(Data extracted from a collection)
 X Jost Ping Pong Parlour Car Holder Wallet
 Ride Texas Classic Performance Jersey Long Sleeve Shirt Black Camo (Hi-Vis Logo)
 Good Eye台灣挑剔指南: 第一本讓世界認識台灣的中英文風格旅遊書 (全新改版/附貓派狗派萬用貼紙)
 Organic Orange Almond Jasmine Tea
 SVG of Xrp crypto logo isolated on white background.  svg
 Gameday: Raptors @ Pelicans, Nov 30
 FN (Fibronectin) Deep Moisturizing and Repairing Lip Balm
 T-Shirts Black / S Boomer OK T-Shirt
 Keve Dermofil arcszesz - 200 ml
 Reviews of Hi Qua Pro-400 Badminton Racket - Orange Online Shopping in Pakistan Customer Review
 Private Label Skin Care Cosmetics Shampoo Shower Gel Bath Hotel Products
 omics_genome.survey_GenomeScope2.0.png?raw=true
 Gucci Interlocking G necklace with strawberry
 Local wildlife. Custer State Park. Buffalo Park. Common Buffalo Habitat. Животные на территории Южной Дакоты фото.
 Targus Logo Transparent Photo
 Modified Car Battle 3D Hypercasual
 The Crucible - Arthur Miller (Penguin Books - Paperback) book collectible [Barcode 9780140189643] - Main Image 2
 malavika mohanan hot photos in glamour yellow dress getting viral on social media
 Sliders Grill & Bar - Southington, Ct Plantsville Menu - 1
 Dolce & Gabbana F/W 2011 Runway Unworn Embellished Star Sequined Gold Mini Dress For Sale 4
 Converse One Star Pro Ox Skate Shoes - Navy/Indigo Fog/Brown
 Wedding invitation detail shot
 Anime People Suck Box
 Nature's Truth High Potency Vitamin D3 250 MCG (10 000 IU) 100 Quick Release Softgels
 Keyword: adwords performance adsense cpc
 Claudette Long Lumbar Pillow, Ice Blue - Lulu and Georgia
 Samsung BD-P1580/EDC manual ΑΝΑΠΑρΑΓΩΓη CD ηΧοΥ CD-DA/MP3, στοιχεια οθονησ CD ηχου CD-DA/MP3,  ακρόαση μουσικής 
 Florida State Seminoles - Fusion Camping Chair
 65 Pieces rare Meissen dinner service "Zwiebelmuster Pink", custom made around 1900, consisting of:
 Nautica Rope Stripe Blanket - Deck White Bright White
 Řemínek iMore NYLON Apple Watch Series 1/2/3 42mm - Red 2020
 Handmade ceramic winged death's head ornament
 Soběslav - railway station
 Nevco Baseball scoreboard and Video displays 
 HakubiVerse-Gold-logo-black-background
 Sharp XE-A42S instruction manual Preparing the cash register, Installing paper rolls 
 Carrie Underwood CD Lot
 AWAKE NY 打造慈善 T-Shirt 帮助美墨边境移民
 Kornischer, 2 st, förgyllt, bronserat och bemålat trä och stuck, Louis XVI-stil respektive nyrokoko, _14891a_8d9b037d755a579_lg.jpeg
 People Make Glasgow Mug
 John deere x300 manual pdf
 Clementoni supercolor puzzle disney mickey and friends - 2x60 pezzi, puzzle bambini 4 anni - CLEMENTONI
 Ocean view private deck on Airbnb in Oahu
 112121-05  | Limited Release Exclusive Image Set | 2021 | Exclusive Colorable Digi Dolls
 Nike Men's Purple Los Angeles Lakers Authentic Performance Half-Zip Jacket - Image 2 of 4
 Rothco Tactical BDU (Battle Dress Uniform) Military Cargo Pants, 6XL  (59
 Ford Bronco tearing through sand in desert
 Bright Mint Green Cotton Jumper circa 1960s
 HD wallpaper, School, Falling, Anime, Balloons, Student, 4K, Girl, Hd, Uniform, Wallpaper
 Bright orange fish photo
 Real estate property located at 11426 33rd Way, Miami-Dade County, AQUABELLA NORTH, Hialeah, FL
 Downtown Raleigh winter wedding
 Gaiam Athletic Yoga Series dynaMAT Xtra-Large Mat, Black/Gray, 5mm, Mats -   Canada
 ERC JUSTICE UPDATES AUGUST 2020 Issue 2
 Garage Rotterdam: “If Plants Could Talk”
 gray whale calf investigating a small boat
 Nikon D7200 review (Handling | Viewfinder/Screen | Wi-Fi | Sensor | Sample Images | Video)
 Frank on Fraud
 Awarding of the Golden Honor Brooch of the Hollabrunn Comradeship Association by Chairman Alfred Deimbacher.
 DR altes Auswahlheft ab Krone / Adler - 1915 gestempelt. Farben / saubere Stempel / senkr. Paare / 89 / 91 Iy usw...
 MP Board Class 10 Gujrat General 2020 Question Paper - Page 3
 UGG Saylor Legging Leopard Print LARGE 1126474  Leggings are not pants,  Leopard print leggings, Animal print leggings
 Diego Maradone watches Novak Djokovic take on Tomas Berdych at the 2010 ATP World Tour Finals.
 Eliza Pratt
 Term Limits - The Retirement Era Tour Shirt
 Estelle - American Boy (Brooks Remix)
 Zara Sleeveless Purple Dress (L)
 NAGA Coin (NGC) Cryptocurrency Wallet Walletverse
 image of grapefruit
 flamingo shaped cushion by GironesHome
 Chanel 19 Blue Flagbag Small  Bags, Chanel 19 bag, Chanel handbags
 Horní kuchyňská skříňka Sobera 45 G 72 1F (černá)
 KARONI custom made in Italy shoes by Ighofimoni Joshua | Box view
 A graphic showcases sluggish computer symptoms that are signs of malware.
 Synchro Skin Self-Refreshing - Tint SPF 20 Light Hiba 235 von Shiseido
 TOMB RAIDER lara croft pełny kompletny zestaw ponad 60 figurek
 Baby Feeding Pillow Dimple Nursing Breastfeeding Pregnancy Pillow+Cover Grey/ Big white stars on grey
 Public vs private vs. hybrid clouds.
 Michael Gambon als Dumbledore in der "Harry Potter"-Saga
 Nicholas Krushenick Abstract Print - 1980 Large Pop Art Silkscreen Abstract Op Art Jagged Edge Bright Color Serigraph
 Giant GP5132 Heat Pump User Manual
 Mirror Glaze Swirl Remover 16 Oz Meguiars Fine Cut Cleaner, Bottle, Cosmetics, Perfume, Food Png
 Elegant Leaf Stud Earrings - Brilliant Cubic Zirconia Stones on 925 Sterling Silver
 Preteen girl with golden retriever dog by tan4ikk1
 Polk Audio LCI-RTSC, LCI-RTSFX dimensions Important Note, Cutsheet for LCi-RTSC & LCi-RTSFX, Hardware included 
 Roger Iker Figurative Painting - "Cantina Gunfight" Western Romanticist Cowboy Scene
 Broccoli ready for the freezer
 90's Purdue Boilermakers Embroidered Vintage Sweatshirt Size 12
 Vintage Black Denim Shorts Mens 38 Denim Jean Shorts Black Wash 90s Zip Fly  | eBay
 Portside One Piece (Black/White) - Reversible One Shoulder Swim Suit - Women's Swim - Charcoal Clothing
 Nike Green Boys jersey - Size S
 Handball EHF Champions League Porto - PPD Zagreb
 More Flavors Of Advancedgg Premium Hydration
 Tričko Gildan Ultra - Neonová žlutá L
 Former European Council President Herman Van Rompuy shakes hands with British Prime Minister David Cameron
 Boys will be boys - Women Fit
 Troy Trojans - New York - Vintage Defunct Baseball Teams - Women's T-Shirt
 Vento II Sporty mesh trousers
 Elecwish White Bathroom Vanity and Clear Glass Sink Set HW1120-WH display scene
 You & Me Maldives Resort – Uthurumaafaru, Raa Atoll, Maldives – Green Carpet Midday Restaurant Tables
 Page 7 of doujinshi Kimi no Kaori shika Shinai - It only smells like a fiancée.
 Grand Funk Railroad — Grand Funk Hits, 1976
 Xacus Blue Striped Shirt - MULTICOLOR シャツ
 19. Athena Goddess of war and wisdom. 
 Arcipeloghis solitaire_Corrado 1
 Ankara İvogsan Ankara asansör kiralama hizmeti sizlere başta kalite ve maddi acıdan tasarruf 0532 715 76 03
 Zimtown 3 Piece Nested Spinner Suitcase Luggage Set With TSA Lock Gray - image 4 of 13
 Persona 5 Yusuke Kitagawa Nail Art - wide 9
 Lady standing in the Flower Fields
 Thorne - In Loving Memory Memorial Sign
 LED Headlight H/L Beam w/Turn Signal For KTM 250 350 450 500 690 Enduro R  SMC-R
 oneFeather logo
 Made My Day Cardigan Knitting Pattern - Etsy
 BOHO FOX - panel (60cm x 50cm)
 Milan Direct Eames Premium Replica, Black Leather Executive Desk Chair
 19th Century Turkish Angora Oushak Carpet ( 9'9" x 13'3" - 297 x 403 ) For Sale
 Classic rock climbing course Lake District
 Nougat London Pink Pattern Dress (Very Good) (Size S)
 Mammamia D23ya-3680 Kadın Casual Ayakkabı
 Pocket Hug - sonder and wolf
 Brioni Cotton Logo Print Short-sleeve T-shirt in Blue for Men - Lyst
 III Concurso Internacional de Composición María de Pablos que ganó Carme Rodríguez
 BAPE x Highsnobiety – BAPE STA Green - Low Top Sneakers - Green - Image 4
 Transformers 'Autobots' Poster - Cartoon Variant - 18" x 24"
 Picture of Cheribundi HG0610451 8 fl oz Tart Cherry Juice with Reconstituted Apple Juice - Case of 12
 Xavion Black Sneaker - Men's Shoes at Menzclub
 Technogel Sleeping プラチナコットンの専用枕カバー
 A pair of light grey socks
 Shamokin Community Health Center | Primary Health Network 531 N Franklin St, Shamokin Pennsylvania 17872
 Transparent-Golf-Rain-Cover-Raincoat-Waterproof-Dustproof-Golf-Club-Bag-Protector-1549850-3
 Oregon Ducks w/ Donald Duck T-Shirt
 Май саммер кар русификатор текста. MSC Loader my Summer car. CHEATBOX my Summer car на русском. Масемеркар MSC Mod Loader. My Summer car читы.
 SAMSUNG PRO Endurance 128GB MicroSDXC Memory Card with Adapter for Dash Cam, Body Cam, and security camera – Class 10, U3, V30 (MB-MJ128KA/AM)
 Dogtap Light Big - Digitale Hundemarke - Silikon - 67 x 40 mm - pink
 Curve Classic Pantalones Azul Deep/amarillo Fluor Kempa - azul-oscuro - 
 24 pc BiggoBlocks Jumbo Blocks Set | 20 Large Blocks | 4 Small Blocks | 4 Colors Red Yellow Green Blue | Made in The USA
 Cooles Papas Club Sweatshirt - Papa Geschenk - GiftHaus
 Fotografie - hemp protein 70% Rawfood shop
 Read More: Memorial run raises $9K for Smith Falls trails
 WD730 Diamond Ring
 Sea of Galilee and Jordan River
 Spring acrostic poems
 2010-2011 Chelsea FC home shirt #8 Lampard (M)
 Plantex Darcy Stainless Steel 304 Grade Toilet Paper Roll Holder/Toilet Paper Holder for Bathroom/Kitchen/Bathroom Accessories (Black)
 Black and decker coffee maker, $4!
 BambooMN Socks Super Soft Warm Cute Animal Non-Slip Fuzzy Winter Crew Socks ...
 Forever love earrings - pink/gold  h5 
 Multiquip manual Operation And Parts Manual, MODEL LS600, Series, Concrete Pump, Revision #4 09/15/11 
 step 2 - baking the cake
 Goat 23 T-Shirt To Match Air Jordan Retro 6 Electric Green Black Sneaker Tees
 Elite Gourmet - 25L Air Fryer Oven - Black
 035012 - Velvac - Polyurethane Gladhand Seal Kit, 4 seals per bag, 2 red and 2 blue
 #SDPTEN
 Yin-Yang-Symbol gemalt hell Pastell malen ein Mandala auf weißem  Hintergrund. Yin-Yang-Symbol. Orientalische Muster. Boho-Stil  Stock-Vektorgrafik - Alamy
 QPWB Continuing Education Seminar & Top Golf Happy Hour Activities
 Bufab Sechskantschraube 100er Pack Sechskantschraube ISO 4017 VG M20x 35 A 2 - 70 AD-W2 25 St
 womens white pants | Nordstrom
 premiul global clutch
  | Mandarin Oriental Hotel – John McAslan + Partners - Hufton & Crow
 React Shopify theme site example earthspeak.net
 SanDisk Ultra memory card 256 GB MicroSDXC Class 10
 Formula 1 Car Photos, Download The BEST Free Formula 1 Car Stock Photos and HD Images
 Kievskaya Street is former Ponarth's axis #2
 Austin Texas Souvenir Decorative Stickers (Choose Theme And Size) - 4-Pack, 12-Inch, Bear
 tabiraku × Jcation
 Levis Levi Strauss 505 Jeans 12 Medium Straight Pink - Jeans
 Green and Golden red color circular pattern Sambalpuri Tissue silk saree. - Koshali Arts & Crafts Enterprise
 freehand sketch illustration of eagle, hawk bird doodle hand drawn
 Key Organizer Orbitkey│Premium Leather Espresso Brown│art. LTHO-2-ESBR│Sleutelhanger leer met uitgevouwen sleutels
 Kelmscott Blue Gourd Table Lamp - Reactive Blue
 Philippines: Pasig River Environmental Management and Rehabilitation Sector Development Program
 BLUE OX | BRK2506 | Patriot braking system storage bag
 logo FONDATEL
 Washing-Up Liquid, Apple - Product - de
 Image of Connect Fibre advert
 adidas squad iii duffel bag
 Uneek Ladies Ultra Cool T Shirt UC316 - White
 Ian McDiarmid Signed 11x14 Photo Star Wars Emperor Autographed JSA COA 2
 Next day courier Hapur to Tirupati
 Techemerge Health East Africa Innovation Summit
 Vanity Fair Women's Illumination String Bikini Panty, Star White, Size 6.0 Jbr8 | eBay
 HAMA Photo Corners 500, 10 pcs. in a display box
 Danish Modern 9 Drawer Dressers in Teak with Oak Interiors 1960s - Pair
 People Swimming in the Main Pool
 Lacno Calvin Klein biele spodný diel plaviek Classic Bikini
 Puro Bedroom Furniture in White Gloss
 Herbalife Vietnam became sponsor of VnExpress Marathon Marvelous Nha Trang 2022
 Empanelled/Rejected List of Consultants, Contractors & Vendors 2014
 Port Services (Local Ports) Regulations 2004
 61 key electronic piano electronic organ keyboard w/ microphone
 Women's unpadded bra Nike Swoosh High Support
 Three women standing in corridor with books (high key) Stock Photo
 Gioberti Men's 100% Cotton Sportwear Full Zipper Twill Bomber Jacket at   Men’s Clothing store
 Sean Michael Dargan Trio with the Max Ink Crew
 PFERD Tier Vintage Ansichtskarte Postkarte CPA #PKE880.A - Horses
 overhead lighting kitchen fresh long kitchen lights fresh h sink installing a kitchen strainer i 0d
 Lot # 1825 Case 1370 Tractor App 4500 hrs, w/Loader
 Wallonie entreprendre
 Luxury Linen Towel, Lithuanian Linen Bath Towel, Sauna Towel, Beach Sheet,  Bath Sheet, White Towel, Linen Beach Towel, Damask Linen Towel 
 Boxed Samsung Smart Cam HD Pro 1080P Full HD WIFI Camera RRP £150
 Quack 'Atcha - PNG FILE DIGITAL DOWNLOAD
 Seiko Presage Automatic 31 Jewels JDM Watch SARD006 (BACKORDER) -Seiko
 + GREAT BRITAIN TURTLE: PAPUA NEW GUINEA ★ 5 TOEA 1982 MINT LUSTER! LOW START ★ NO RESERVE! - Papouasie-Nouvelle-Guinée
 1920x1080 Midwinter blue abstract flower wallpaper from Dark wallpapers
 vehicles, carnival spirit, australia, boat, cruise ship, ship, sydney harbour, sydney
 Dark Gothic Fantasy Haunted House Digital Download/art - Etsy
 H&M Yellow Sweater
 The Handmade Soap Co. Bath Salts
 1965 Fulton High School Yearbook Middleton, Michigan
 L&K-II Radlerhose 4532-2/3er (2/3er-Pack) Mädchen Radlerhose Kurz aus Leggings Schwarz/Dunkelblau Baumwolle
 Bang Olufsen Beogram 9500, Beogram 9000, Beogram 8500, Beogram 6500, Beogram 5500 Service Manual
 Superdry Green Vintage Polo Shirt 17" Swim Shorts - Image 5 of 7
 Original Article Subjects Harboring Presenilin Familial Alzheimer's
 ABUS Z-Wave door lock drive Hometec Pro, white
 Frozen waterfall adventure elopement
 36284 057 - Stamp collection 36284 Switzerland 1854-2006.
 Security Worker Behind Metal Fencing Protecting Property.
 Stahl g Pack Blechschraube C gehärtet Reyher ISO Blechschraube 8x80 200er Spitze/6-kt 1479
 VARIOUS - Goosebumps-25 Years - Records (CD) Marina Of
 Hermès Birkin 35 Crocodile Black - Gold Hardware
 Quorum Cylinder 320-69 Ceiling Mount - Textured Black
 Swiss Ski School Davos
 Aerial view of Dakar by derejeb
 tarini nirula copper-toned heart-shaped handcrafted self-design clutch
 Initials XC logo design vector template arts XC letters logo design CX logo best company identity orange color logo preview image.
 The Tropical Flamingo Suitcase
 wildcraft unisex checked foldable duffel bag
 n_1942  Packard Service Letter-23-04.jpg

## Your goal
From the records above, reproduce exactly the lines from the one with "flamingo shaped cushion by GironesHome" to the one with "A graphic showcases", both included, and no others.

## Expected answer
 flamingo shaped cushion by GironesHome
 Chanel 19 Blue Flagbag Small  Bags, Chanel 19 bag, Chanel handbags
 Horní kuchyňská skříňka Sobera 45 G 72 1F (černá)
 KARONI custom made in Italy shoes by Ighofimoni Joshua | Box view
 A graphic showcases sluggish computer symptoms that are signs of malware.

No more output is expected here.